Prove that $\sum_{n\in\mathbb{N}}\sin^3{\frac{2}{n}}$ converges

Question

$$\sum_{n\in\mathbb{N}}\sin^3{\frac{2}{n}}$$

The only thing I can think of is that sinus cubed behaves similarly to the $\frac{(-1)^{n + 1}}{n}$ series, but that really leads me nowhere... I am completely stuck.
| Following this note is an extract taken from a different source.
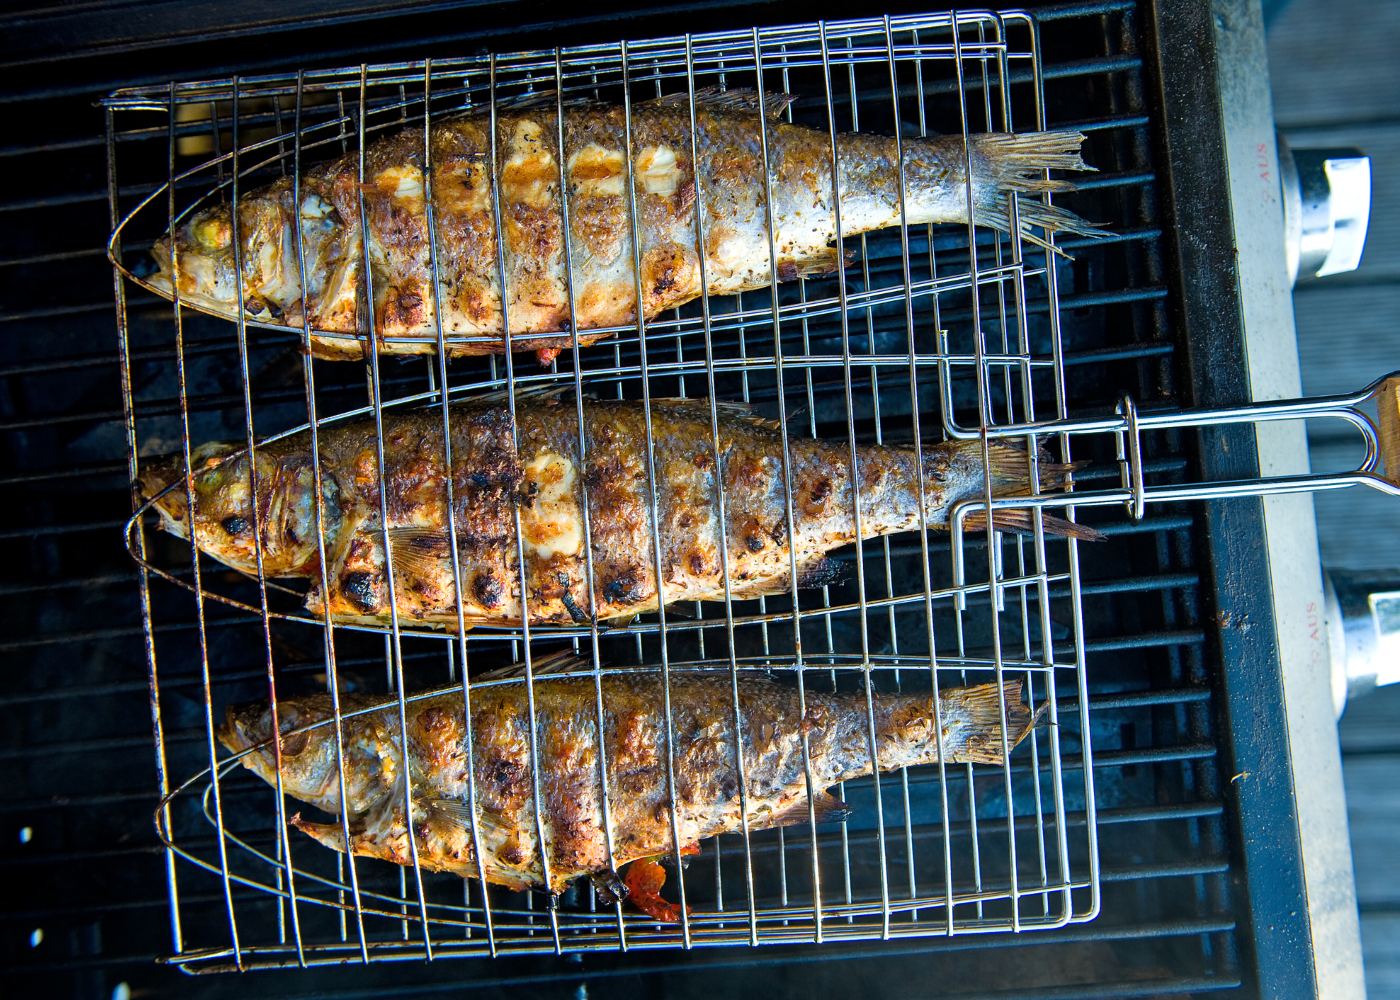 peixe na grelha para assar nas brasas

How would you go about showing this series converges? Thank you.

Answer 1

Since $(\forall x\in\mathbb{R}):\bigl|\sin x\bigr|\leqslant|x|$, $(\forall n\in\mathbb{N}):\left|\sin^3\frac2n\right|\leqslant\frac8{n^3}$. Now, apply the comparison test.

Answer 2

Note that $\sin(x) \sim x$, as $x \to 0$, so we have that $\sin^3\left( \frac 2n \right) \sim \left( \frac{2}{n} \right)^3$ as $ n \to \infty$ So use the limit comparison test to show that the series converges absolutely.

Answer 3

You can use the inequalities $0\le\sin x\le x$ for $0\le x\le\pi$ and $0\le{2\over n}\le\pi$ for $n\ge1$ to conclude

$$0\le\sum\sin^3\left(2\over n\right)\le\sum\left(2\over n\right)^3=8\sum{1\over n^3}$$